Out of the 17 people involved in the commission of the crime, nine accused were tried by the trial court, which in 2005 found seven of them guilty. Ansari was found in Dubai and deported to India on 9.2.2002. The High Court of Calcutta, however, acquitted 2 of the convicts and lessened the sentence of two others. As far as the petitioners are concerned, the High Court confirmed their conviction and sentence.
Nasir, Asif, Ansari and other gang members had earlier planned to kidnap big businessmen in various cities to make money and so that they would be able to collect required arms and ammunition to carry out their mission. The American Centre was chosen as they found that American Centre would be more convenient as police security people were sitting in open and were not alert.
The appellants were represented by Ms. Nitya Ramakrishnan and the respondent State by the Additional Solicitor General. The appellant Nasir had earlier made a voluntary confession in 2002, making it clear that he was troubled by his conscience and to give vent to his feelings, namely, the sin which he committed by carrying out the attack at the American Centre on 22.02.2002 along with other gang members which he did in his own homeland, he was having sleepless nights. His reply to one of the questions was “I know. I have sinned and I deserve punishment.”
The Court found that there was sufficient corroboration of contents of this confession by other evidence; oral, documentary and material objects relied upon by the Prosecution.
The appellants were found guilty of all charges, except for the charge under Section 27(3) of the Arms Act which couldn’t be maintained because it was struck down as unconstitutional in the case of State of Punjab vs. Dalbir Singh – (2012) 3 SCC 346
The Bench considered the expression, “waging war against the Government” in detail. The Court thereby concluded that the intention of the accused collectively and individually was a defiant of raging attitude against the State. Though the chosen assailants by the conspirators were only two in number, the vengeance with which they indulged in the attack at the spot (viz) the American Centre towards the police force and the extent of damage they caused demonstrated the diabolic mindset of all the conspirators in committing the crime.

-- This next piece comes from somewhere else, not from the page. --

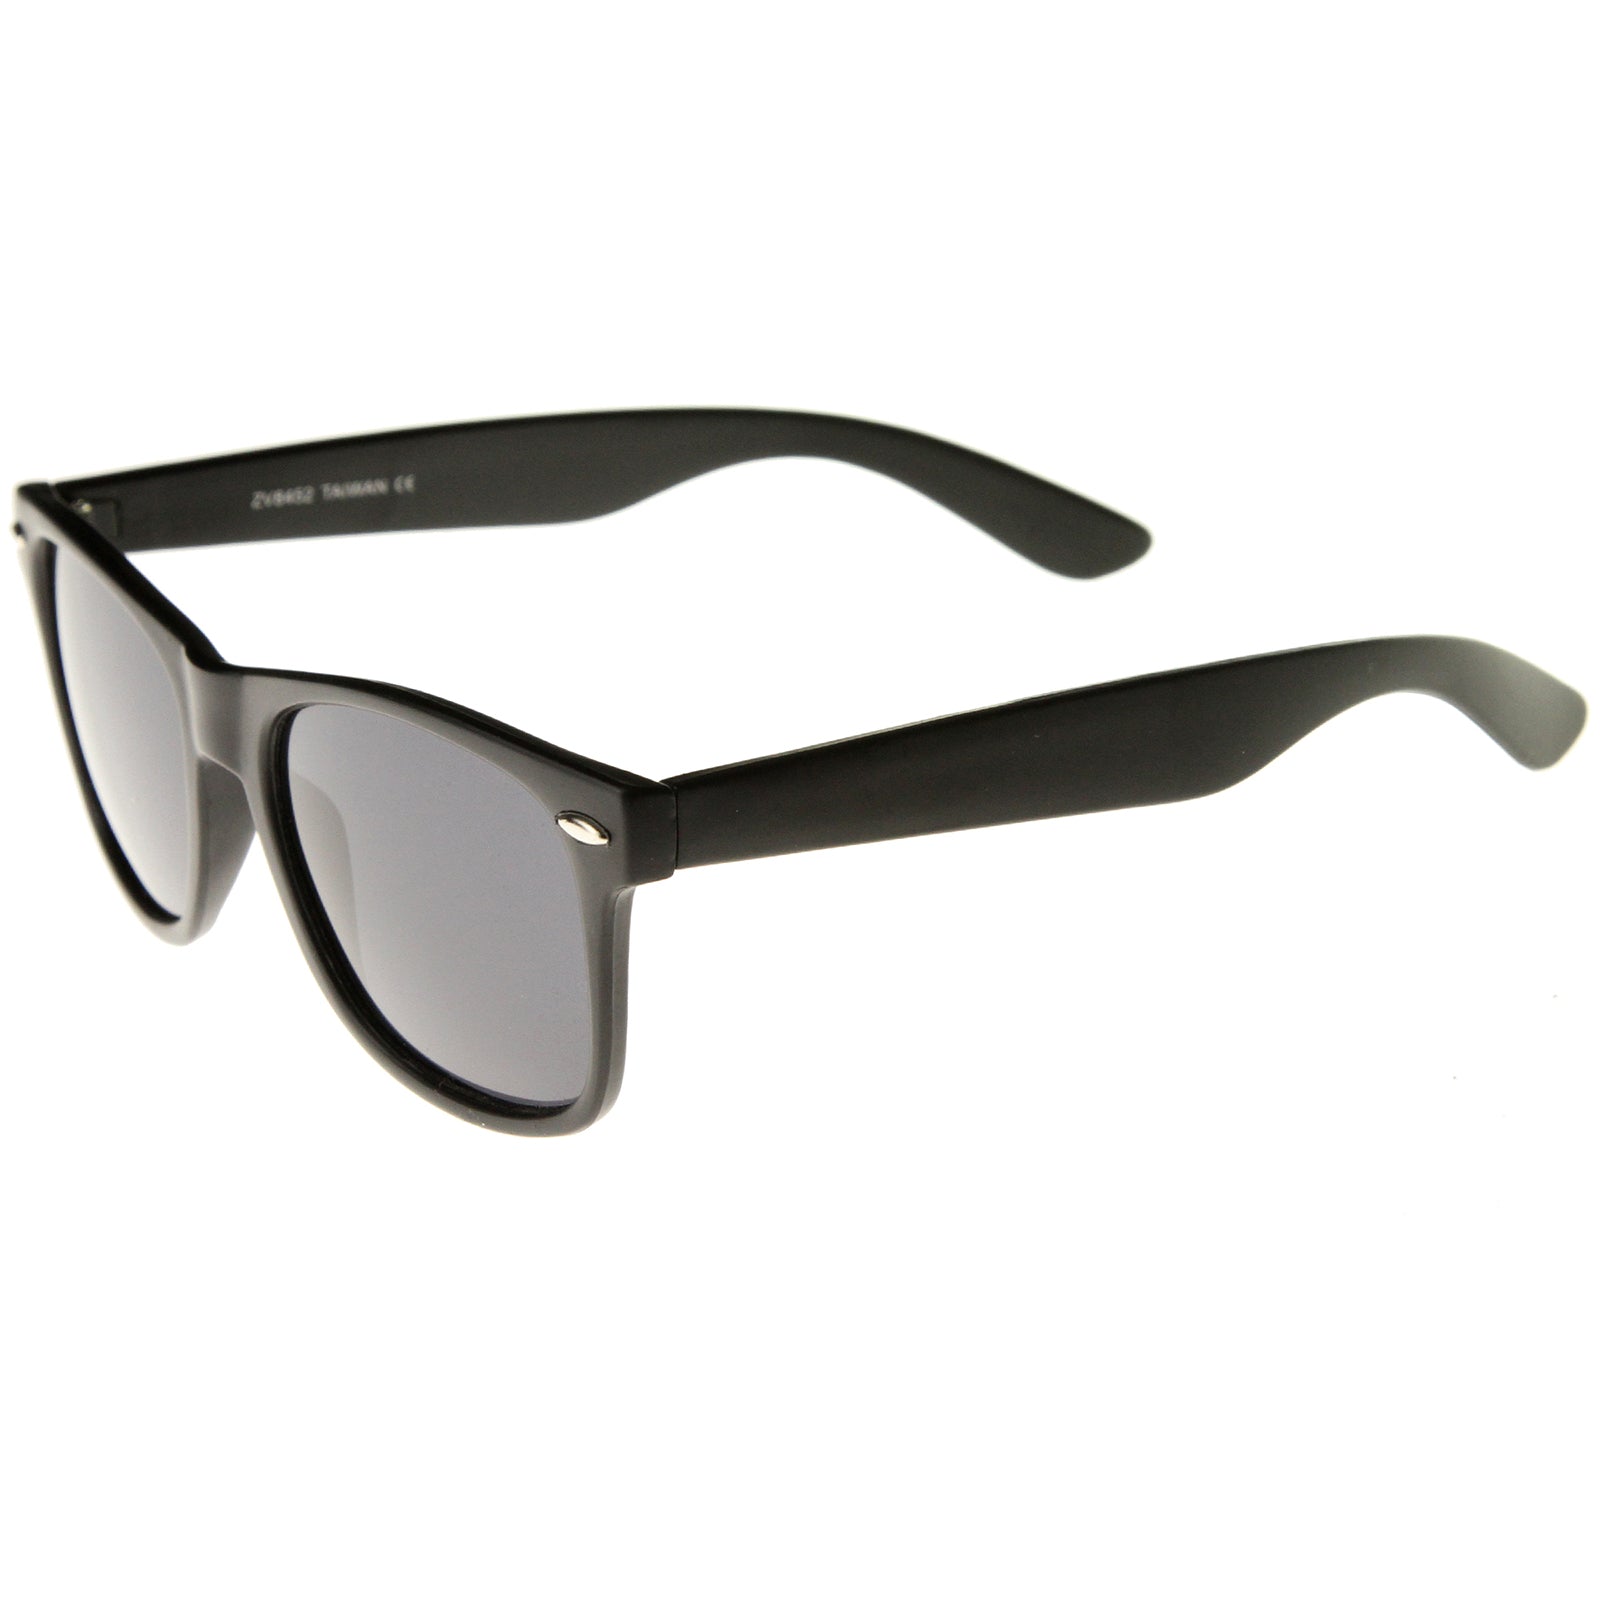 Buy Custom White Frame Plastic Sunglasses - Swagify
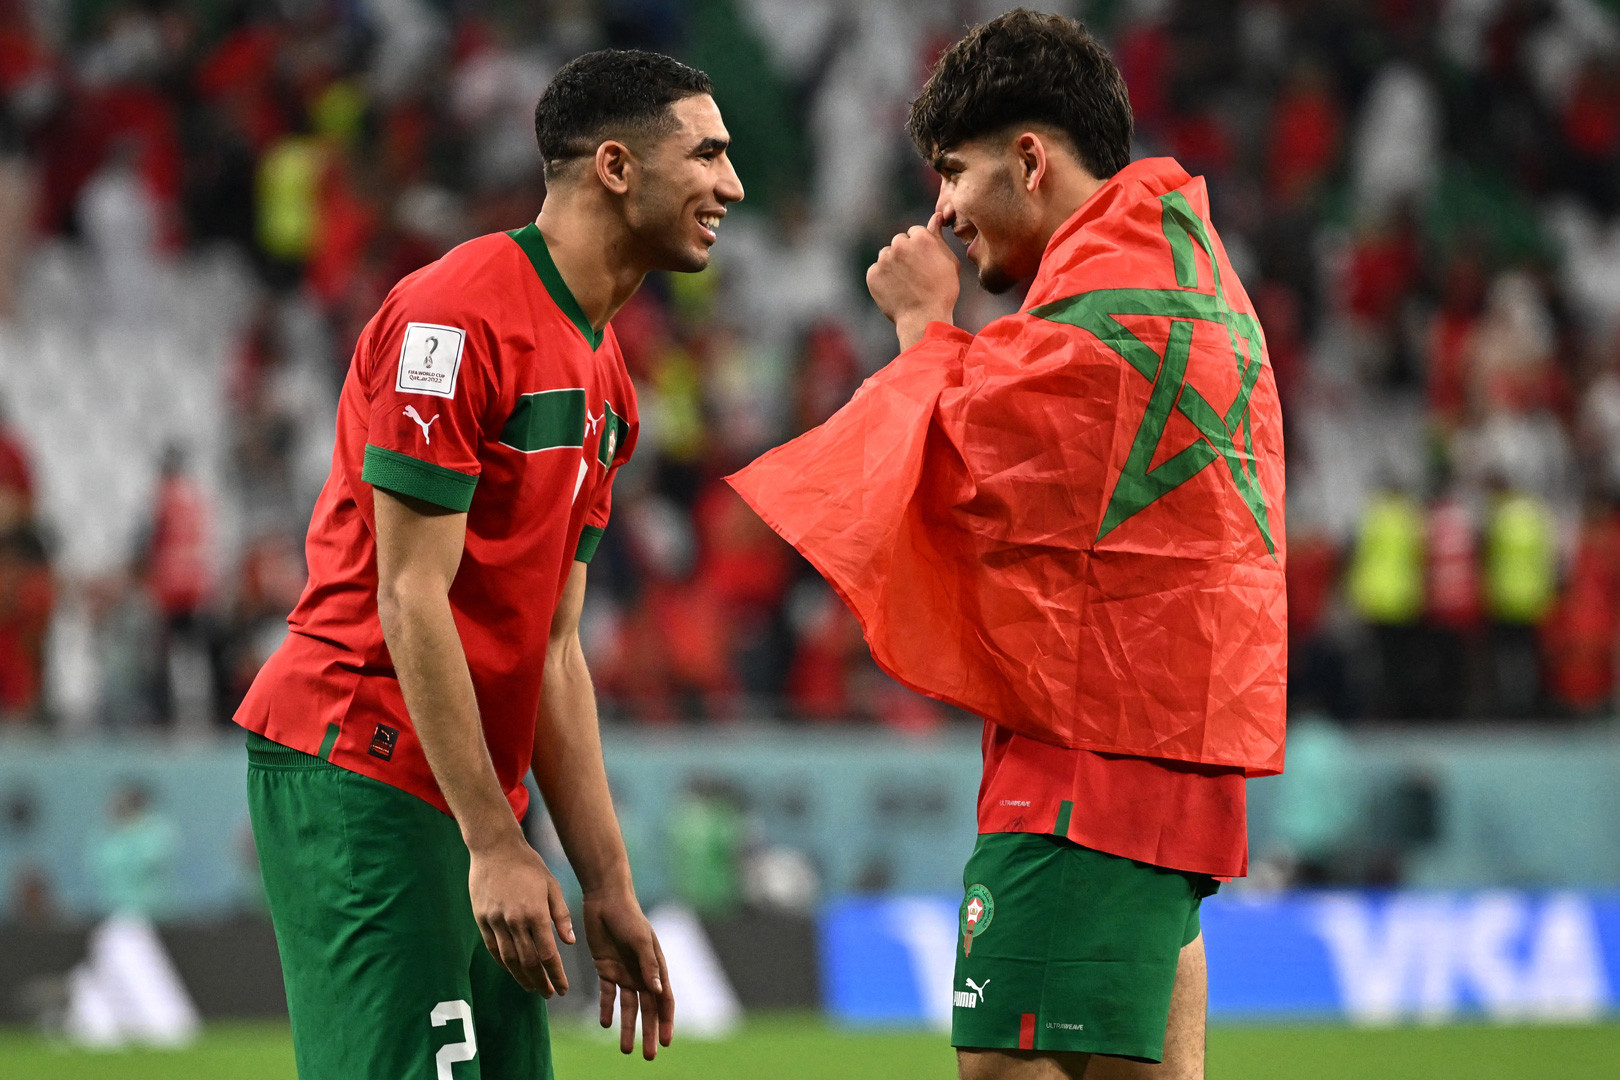 Chuyên gia dự đoán World Cup 2022 Croatia vs Maroc: Bất ngờ - Bóng Đá

The Court formulated the following fundamental principles, besides 15 others, to be borne in mind while dealing with the sentence to be imposed in respect of crimes committed of such grotesque nature.
1) The sentence to be awarded should achieve twin objectives
2) The Court should consider social interest and consciousness of the society for awarding appropriate punishment.
3) Seriousness of the crime and the criminal history of the accused is yet another factor.
4) Graver the offence longer the criminal record should result severity in the punishment.
5) Undue sympathy to impose inadequate sentence would do more harm to the public
6) Imposition of inadequate sentence would undermine the public confidence in the efficacy of law and society cannot endure such threats.
The Court noted the magnitude of involvement of the two accused as being unequal, and held that the imposition of death penalty is not warranted in the facts and circumstances of the case though it calls for other deterrent punishment.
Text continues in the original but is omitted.